Kudinova N V, Kudinov A R, Berezov T T
Biomed Khim. 2007 Mar-Apr;53(2):119-27.
During a decade there was a dogma that Alzheimer's amyloid beta (Ap) is produced only upon the disease, and that this protein is neurotoxic for neurons and brain tissue. Current scientific evidence demonstrate that AP is an essential molecule in synaptic plasticity that underlie learning and memory. Therefore, it was hypothesized that the change of AP biology in Alzheimer's disease (as well as in a number of other human pathologies, including cardiovascular disease, Niemann-Pick type C disease and Down syndrome) represents a physiological mechanism serving to compensate the impaired brain structure or function.
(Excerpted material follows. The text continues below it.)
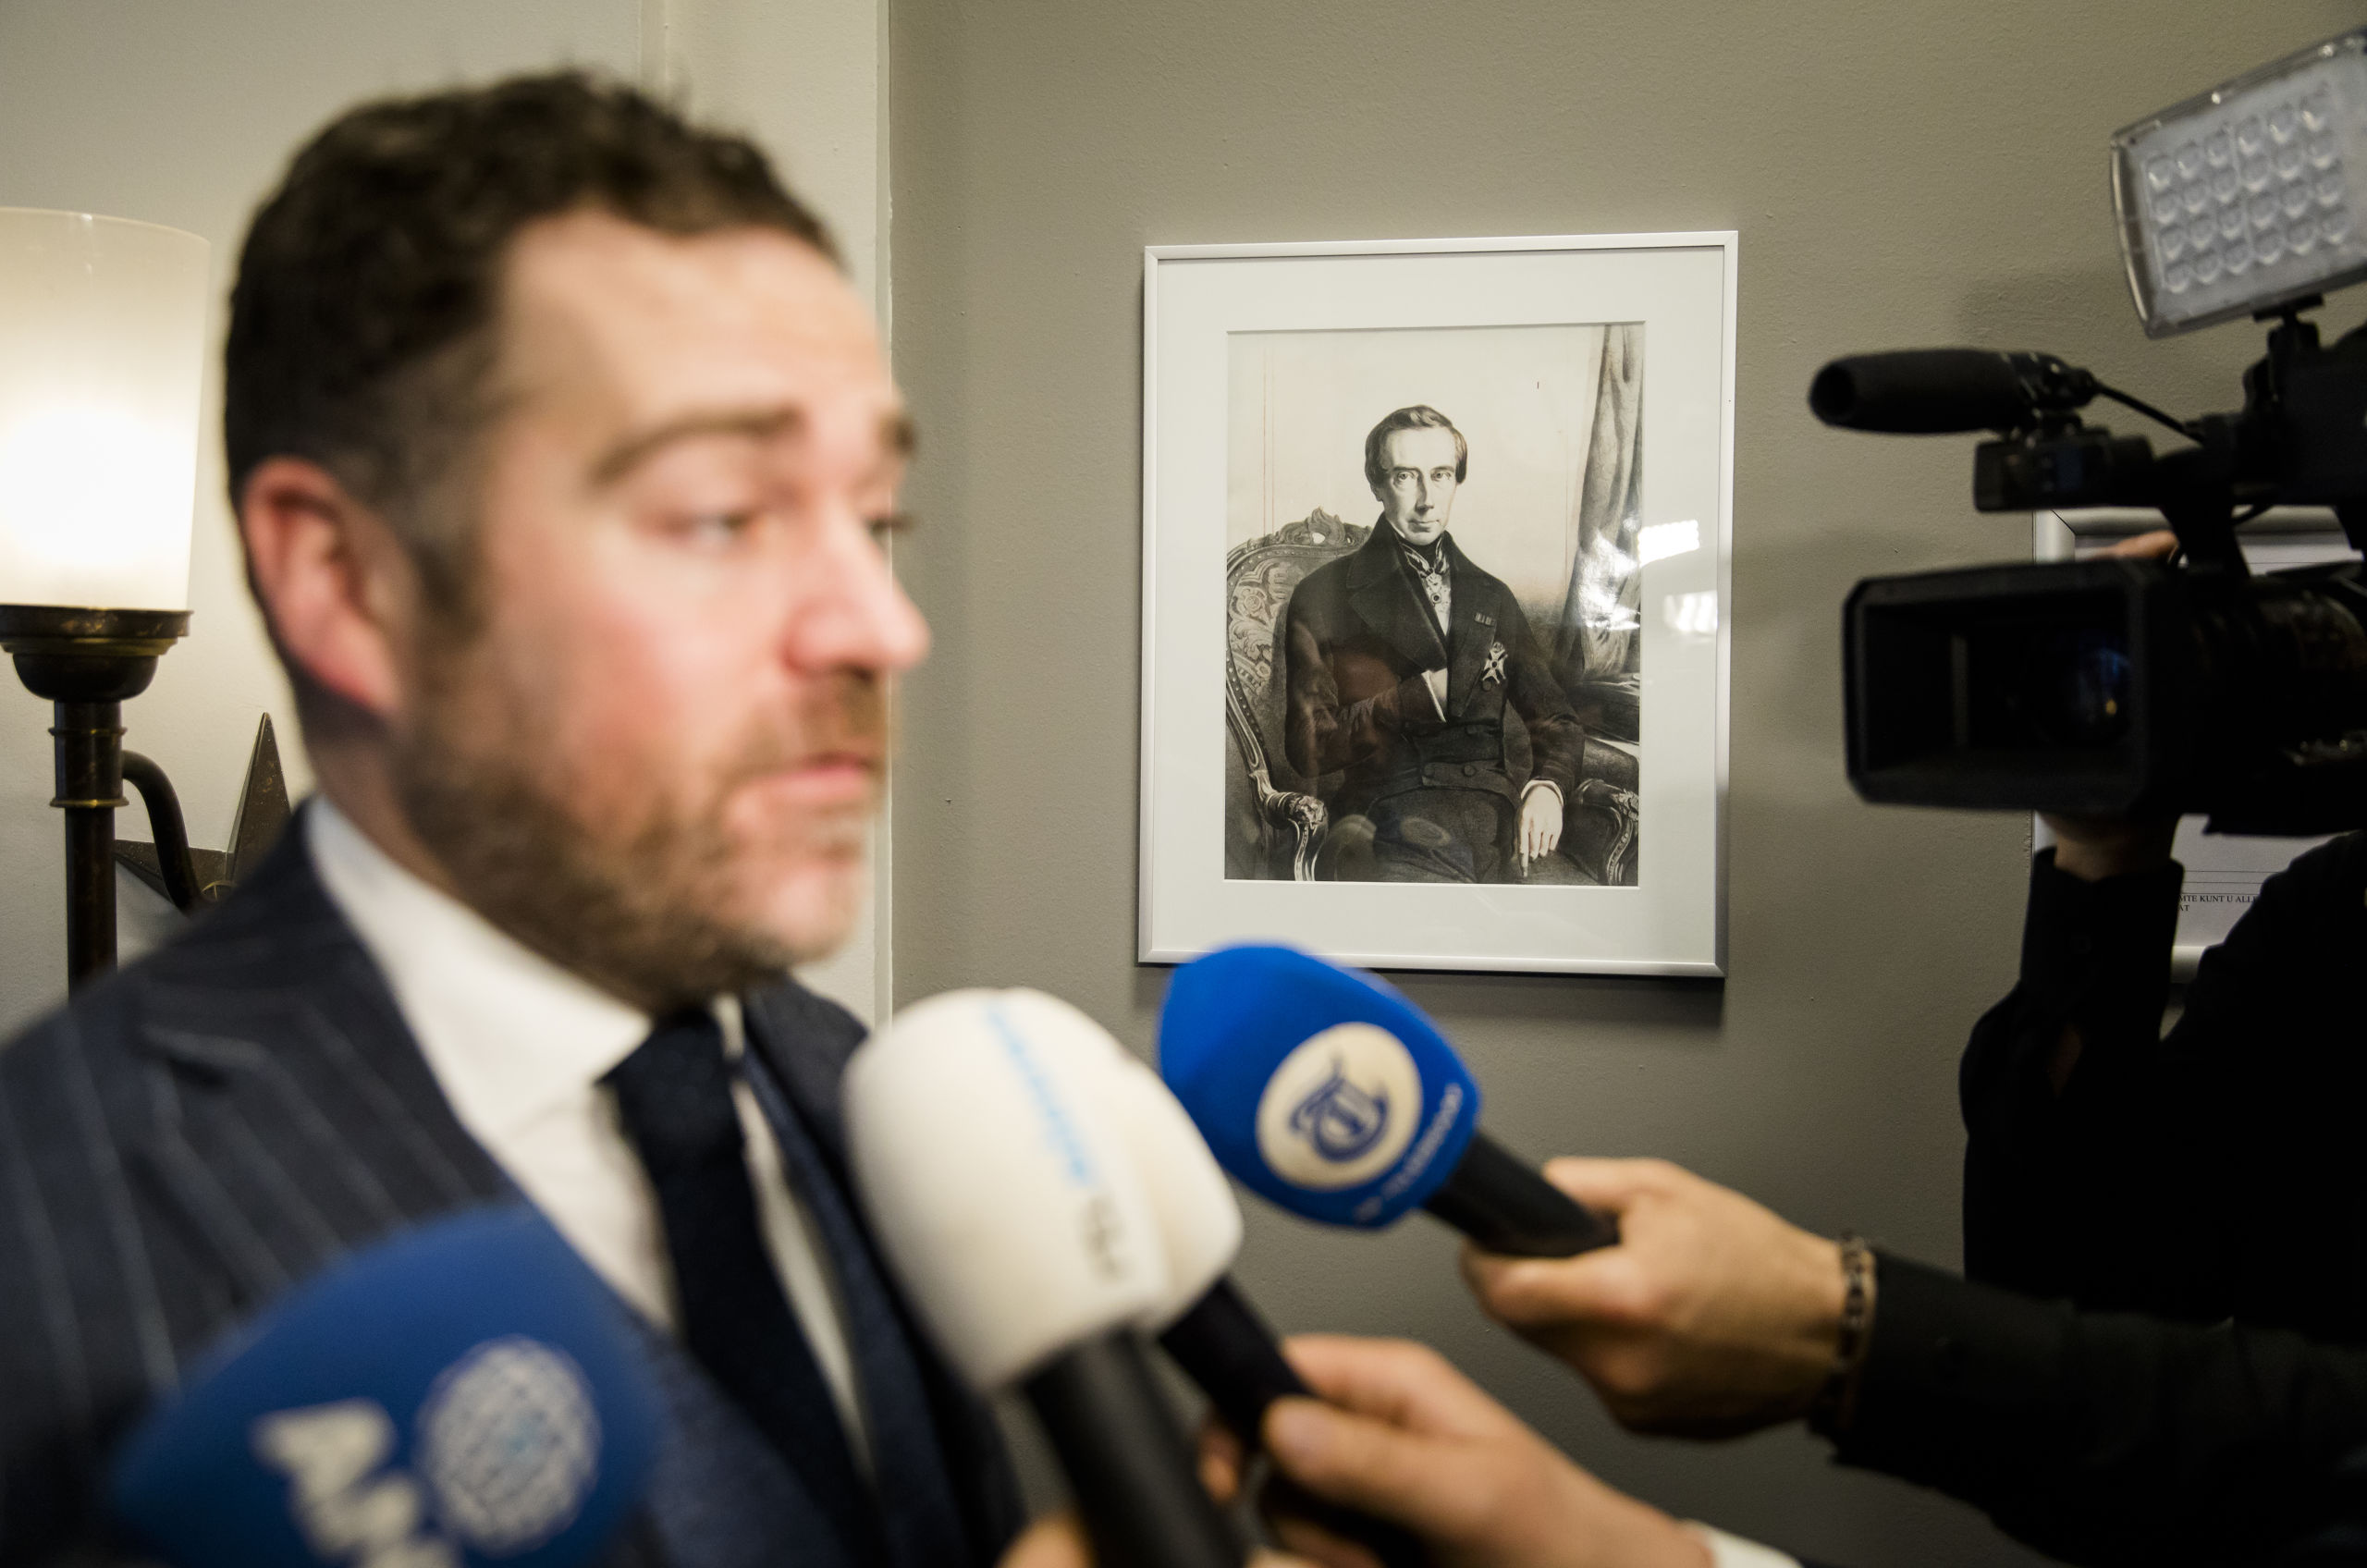 2019-03-21 13:38:25 DEN HAAG - Klaas Dijkhoff (VVD) in gesprek met de pers voorafgaand aan een fractievergadering van de VVD, een dag na de verkiezingen voor de Provinciale Staten. ANP BART MAAT

This review summarizes experimental evidence on Abeta as functional player in synaptic plasticity and neurochemical pathways.
在过去十年里,一直存在一种观点,即阿尔茨海默病的β淀粉样蛋白(Aβ)仅在患病时产生,且这种蛋白质对神经元和脑组织具有神经毒性。目前的科学证据表明,Aβ是突触可塑性中的一种重要分子,而突触可塑性是学习和记忆的基础。因此,有人提出假说,认为在阿尔茨海默病(以及包括心血管疾病、尼曼-匹克C型病和唐氏综合征在内的许多其他人类疾病)中,Aβ生物学特性的改变代表了一种生理机制,用于补偿受损的脑结构或功能。本综述总结了关于Aβ作为突触可塑性和神经化学通路中功能性参与者的实验证据。